Since the number of equations is greater than the number of unknowns, such a system in general admits no solution. As in the case of linear systems we ask ourselves: What would be the best approximation to a solution? A good choice (as in the case of linear systems) is to find some $\mathbf{x} \in U$ which minimises $\|\mathbf{F}(\mathbf{x})\|^2$. An efficient way to find a solution of a nonlinear least-squares problem is the _Gauss-Newton_ iteration, of 
which one step can be written as $$\mathbf{x}^{(k+1)} = \mathbf{x}^{(k)} - \big(J_\mathbf{F}(\mathbf{x}^{(k)})\big)^{+} \mathbf{F}(\mathbf{x}^{(k)}) \textrm{. }$$

(Unlike Newton's method, where we find the solution $\mathbf{z}$ to the linear system $(J_\mathbf{F}(\mathbf{x}^{(k)}))\mathbf{z} = \mathbf{F}(\mathbf{x}^{(k)})$, we now find the solution to the _linear least-squares problem_. The term $(J_\mathbf{F})^{+}$ above is just a compact way of remembering the actual iteration step.
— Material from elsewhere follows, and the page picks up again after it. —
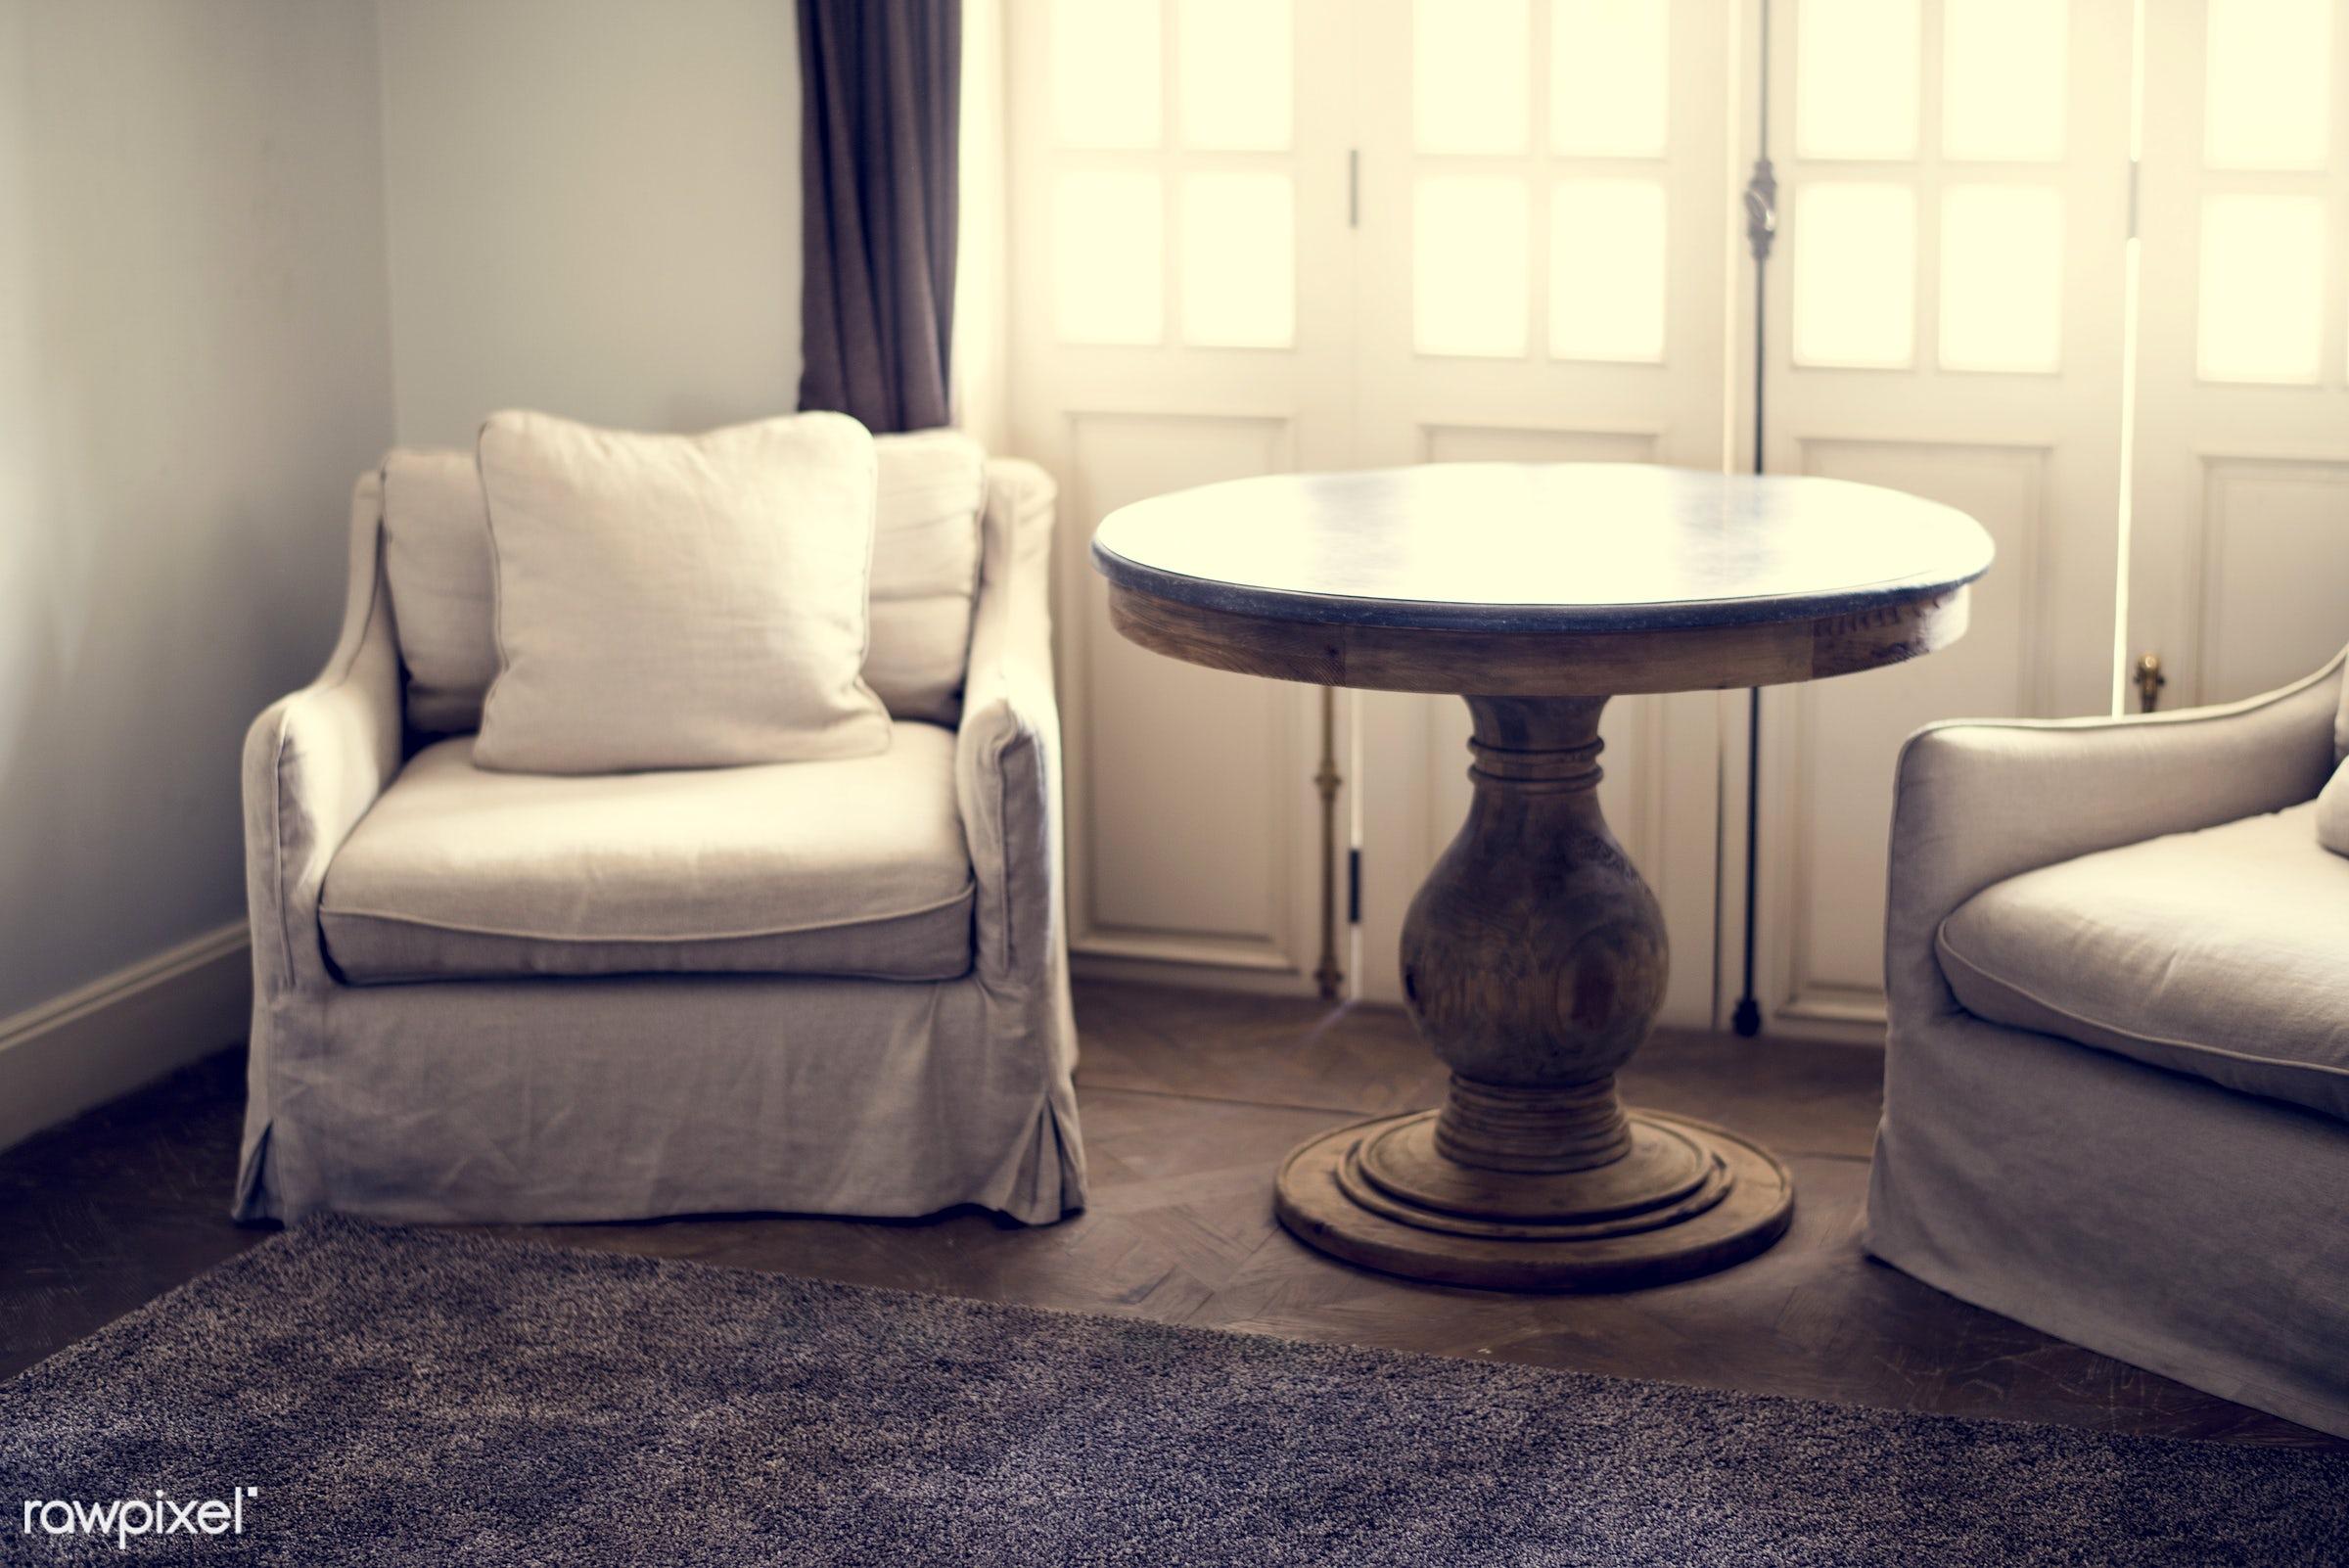 armchair, chair, classic, comfort, comfortable, comfy, contemporary, cozy, decor, decoration, design, elegance, fashion,...

The method only works well for overdetermined systems with full rank for which there is no need to actually evaluate the Moore-Penrose pseudo-inverse.) More precisely, the Gauss-Newton iteration will (with a little luck) produce a local minimum of the function $\mathbf{x} \mapsto \|\mathbf{F}(\mathbf{x})\|^2$. 

**Task 1** 
Find the parameters $a$ and $b$, such that the function $$f(x) = \frac{a x}{b + x}$$ best fits the data in the table below.

| $x_i$ | 0.038 | 0.194 | 0.425 | 0.626 | 1.253 | 2.500 | 3.740 |
|:-----:|:-----:|:-----:|:-----:|:-----:|:-----:|:-----:|:-----:|
| $y_i$ | **0.050** | **0.127** | **0.094** | **0.2122** | **0.2729** | **0.2665** | **0.3317** |

(This data is already entered below for convenience.)
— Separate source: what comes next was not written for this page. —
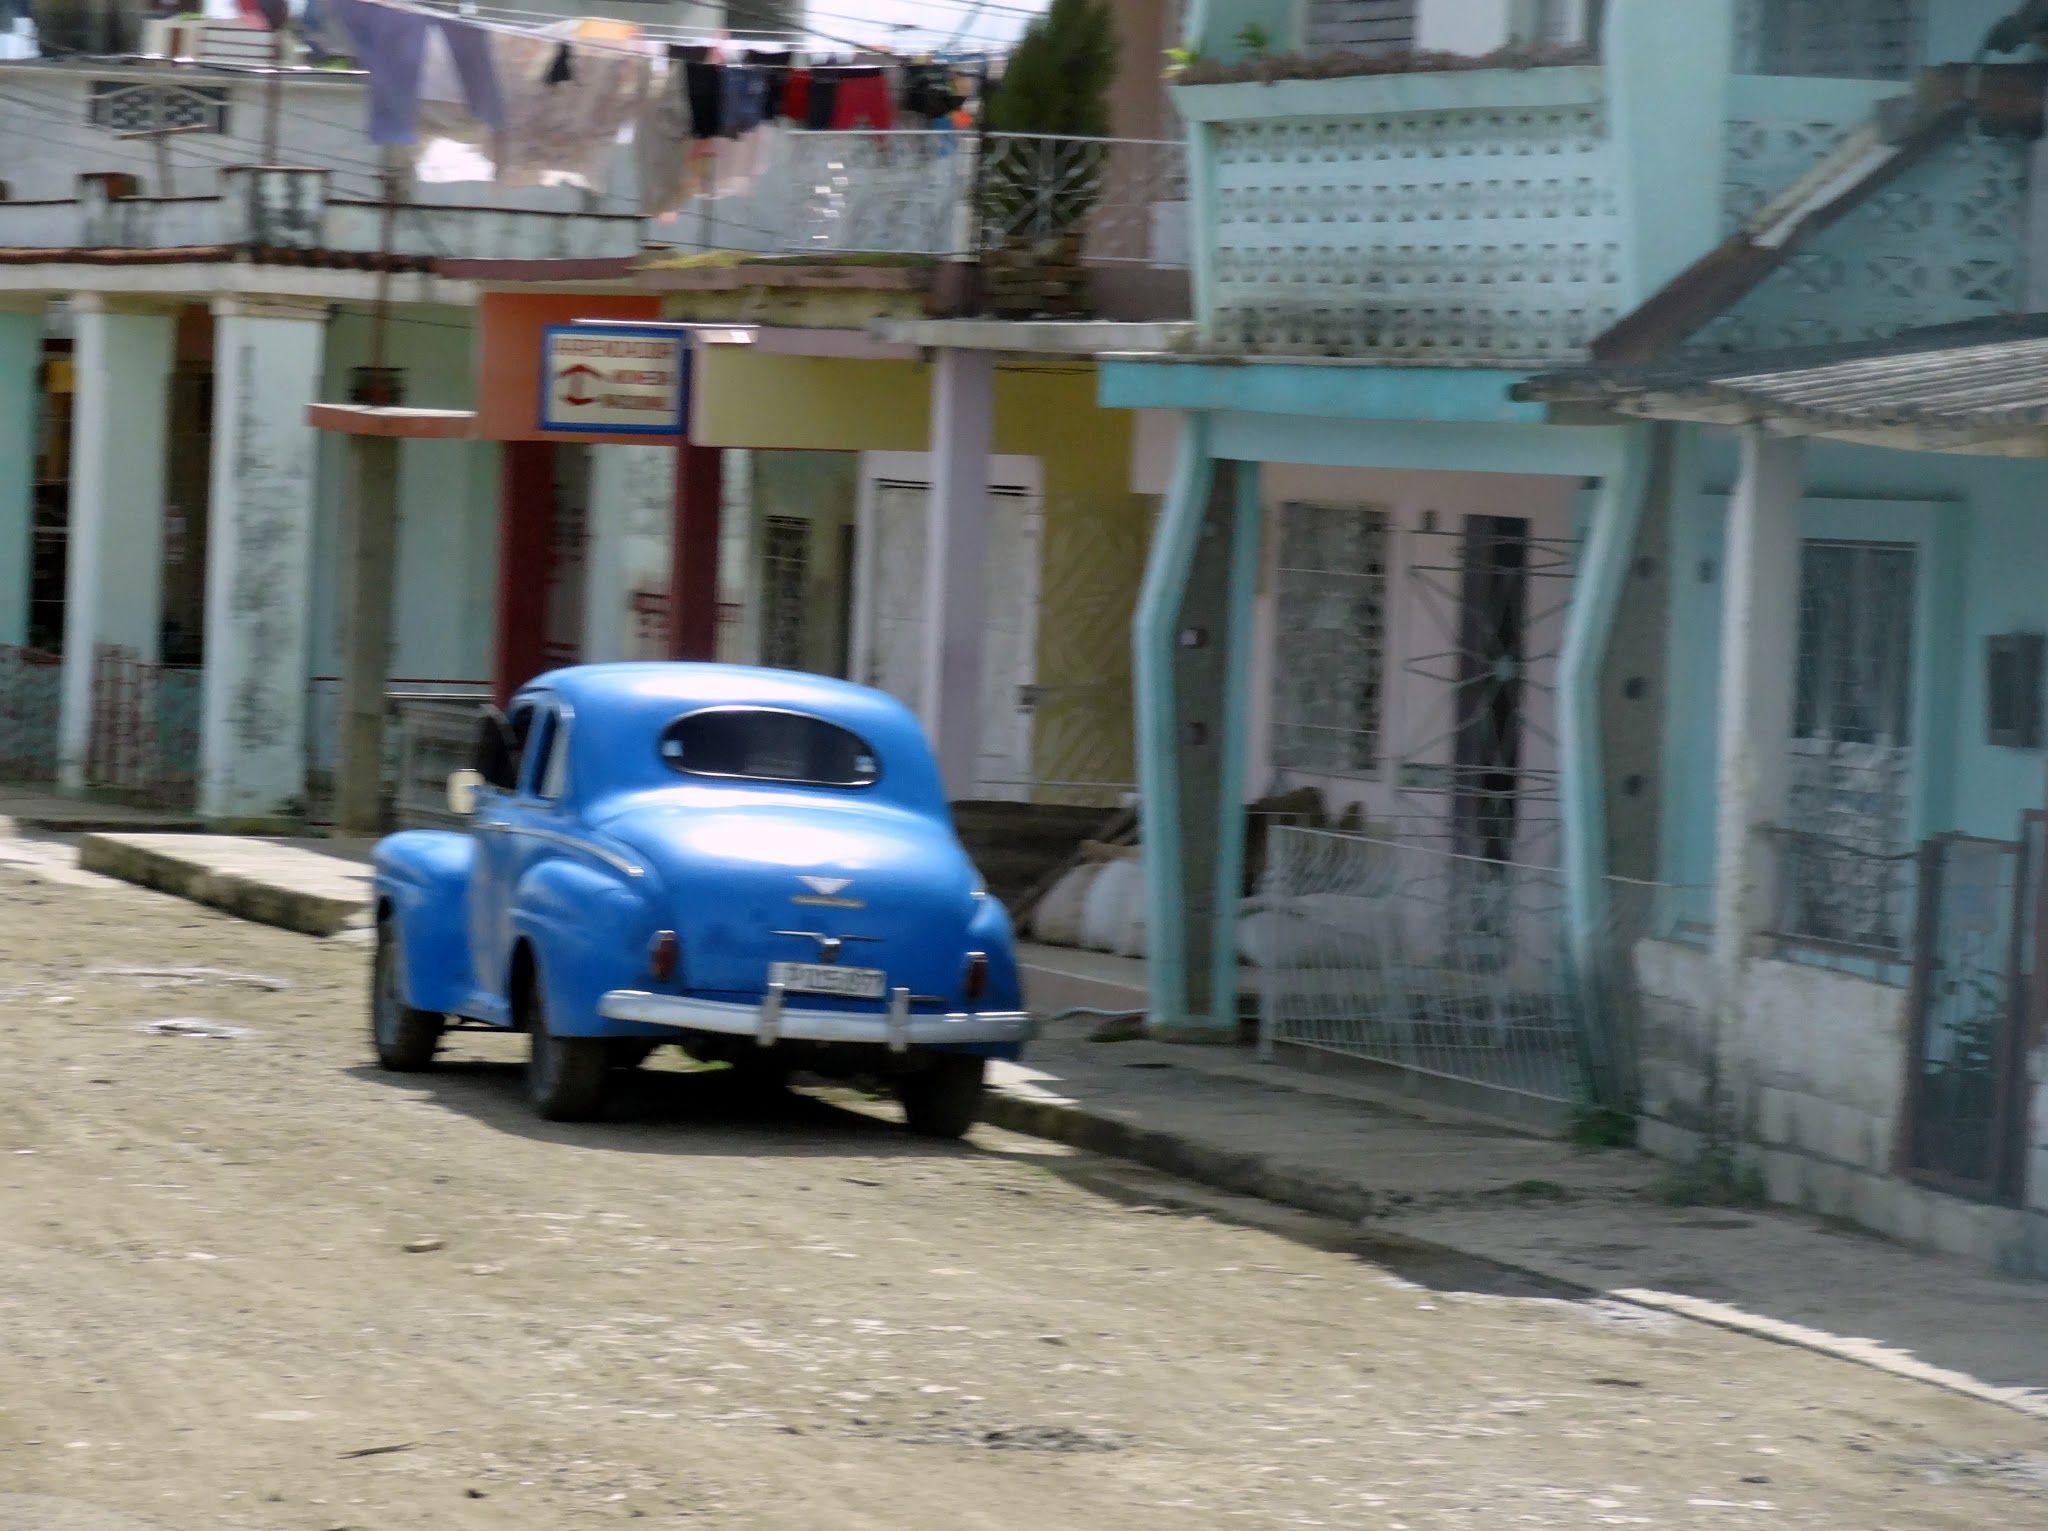 Classic car on the street in in Ciego de Ávila, Cuba. Photo taken by Brian Kaylor during a trip for the COEBAC's 40th anniversary celebration at Iglesia Bautista Enmanuel (Emmanuel Baptist Church).

- Find the solution using Newton's method - find the zero of the derivative of the function $\mathbf{x} \mapsto \|\mathbf{F}(\mathbf{x})\|^2$.
- Find the solution using the Gauss-Newton method.

In [None]:
# data from the table above
xi = [0.038; 0.194; 0.425; 0.626; 1.253; 2.5; 3.74]
yi = [0.05; 0.127; 0.094; 0.2122; 0.2729; 0.2665; 0.3317]
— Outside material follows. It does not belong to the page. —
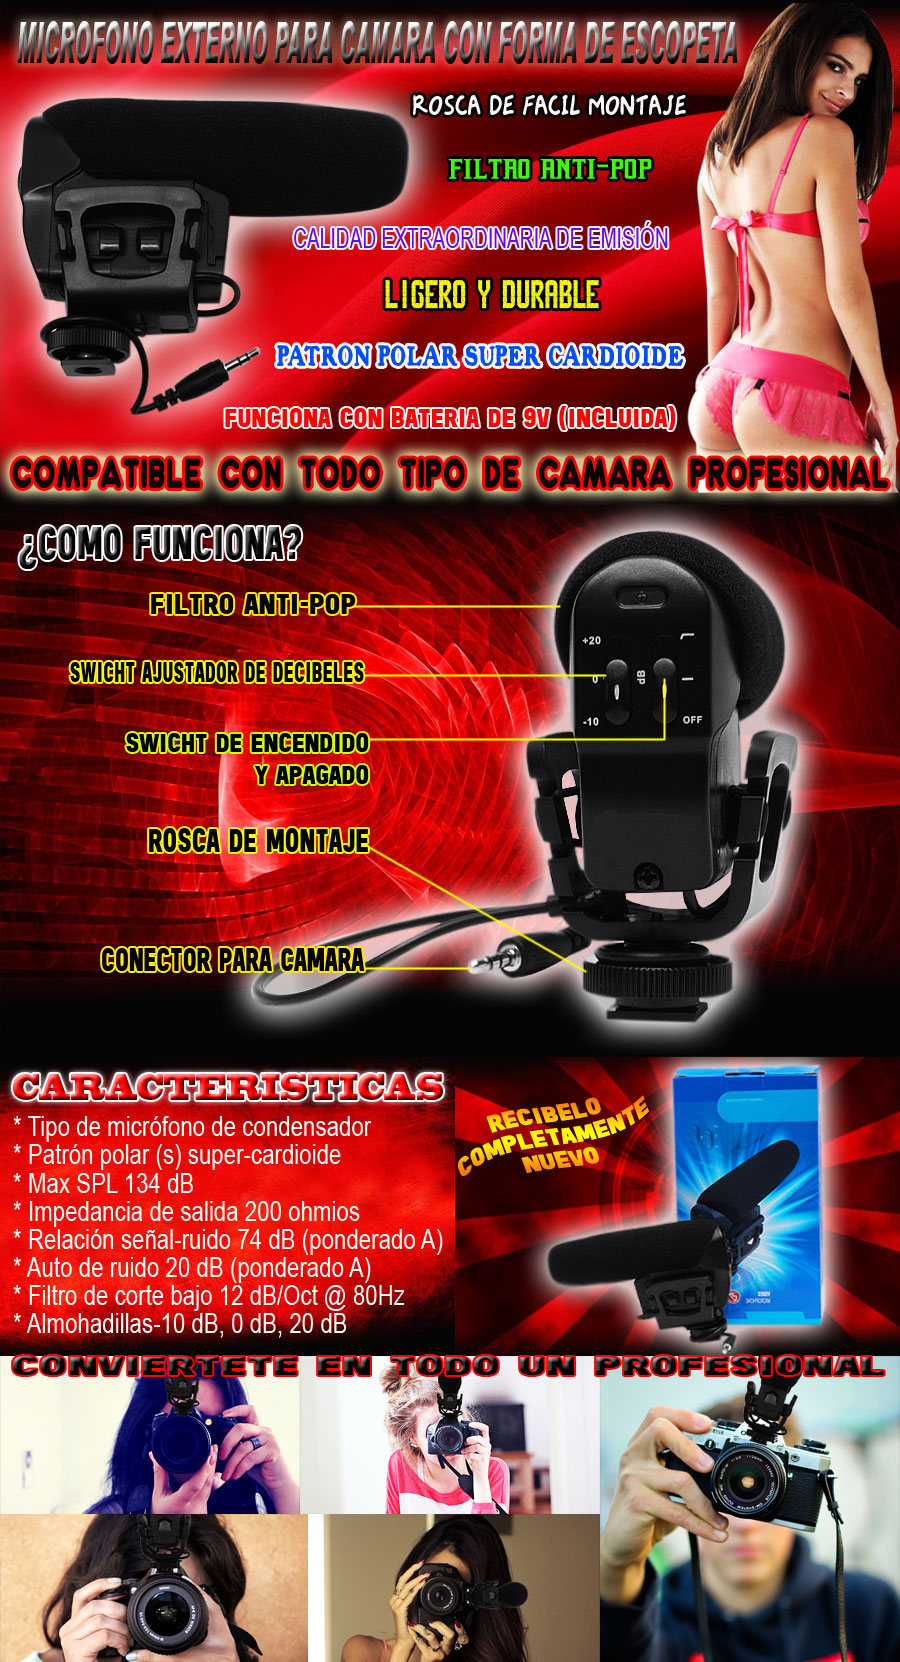 http://lomejorenvideo.com/img-van/microfono-camara/principal.jpg

# we include the file with the `newton` function
include("labs5.jl")
# define F and JF
F(X) = ### YOUR CODE HERE ###
JF(X) = ### YOUR CODE HERE ###
# let's now find the minimum of F'*F 
# the gradient of F'*F and its Jacobian matrix
G(X) = ### YOUR CODE HERE ###
JG(X) = ### YOUR CODE HERE ###
newton(G, JG, [0.5; 0.5]).X

In [None]:
# call to perform the Gauss-Newton method with original F, we simply call `newton`
a, b = newton(F, JF, [0.5; 0.5]).X

In [None]:
# let's plot the data points and the 'best fit' we found
using Plots
### YOUR CODE HERE ###

**Task 2**
Let's improve the solution to the task from the 2nd week of lab sessions: We have $n$ known transmitter positions $(p_1,q_1), \ldots , (p_n, q_n)$ in $\mathbb{R}^2$. We need to determine the location of a receiver knowning the distances $d_1, \ldots, d_n$ form the transmitters. Ideally (with exact measurements) we need to find the solution to the system of equations $$(x-p_i)^2 + (y-q_i)^2 = d_i^2 \textrm{ where } i = 1, \ldots, n \textrm{. }$$

Improve the function `X = receiver([pi, qi], [di])` from the second week using the Gauss-Newton method. The solution to the linear least squares problem we found can serve as the initial guess $\mathbf{x}^{(0)}$.

In [None]:
function receiver(transmitters, distances)
    # get the size of the data
    n = length(transmitters)
    # reserve memory for A and b
    A = zeros(n-1, 2)
    b = zeros(n-1, 1)
    # intialize the values ...
    pj1, qj1 = transmitters[1]
    dj1 = distances[1]
    # ... for the for loop
    for j = 2:n
        pj, qj = transmitters[j]
        dj = distances[j]
        A[j-1, :] = 2*[pj-pj1 qj-qj1]
        b[j-1] = (pj^2 - pj1^2) + (qj^2 - qj1^2) - (dj^2 - dj1^2)
        # set *_j1 for the next iteration
        pj1, qj1 = pj, qj
        dj1 = dj
    end
    
    # nonlinear improvement to A\b
    ### YOUR CODE HERE ###

    return Tuple(newton(F, JF, A\b).X)
end

In [None]:
tx = [(0, 1), (1, 1), (1, 0), (-1, -1)]
dist = [1, 1.4, 1, 1.4]
receiver(tx, dist)

**Finding a local minimum of a multivariate function**
Our second interest today will be finding a (local) minimum of a multivariate function $f \colon U \to \mathbf{R}$, where $U \subseteq \mathbb{R}^n$. (Of course, we already know how to do that with appropriate use of Newton's iteration.) The _gradient descent method_ (tries to) find a minimum of a function $f \colon U \to \mathbb{R}$ by starting with some initial guess $\mathbf{x}^{(0)}$, and then continue iteratively:
\begin{align*}
	\mathbf{x}^{(1)} &= \mathbf{x}^{(0)} - \alpha \mathop{grad} f (\mathbf{x}^{(0)}) \textrm{, } \\
	\mathbf{x}^{(2)} &= \mathbf{x}^{(1)} - \alpha \mathop{grad} f (\mathbf{x}^{(1)}) \textrm{, } \\
			    &\ \; \vdots \\
	\mathbf{x}^{(k+1)} &= \mathbf{x}^{(k)} - \alpha \mathop{grad} f (\mathbf{x}^{(k)}) \textrm{. }
\end{align*}
Here, the step size $\alpha > 0$ is a carefully chosen (small) real number. (The convergence of such method depends on $f$, initial guess $\mathbf{x}^{(0)}$, and the choice of $\alpha$.) 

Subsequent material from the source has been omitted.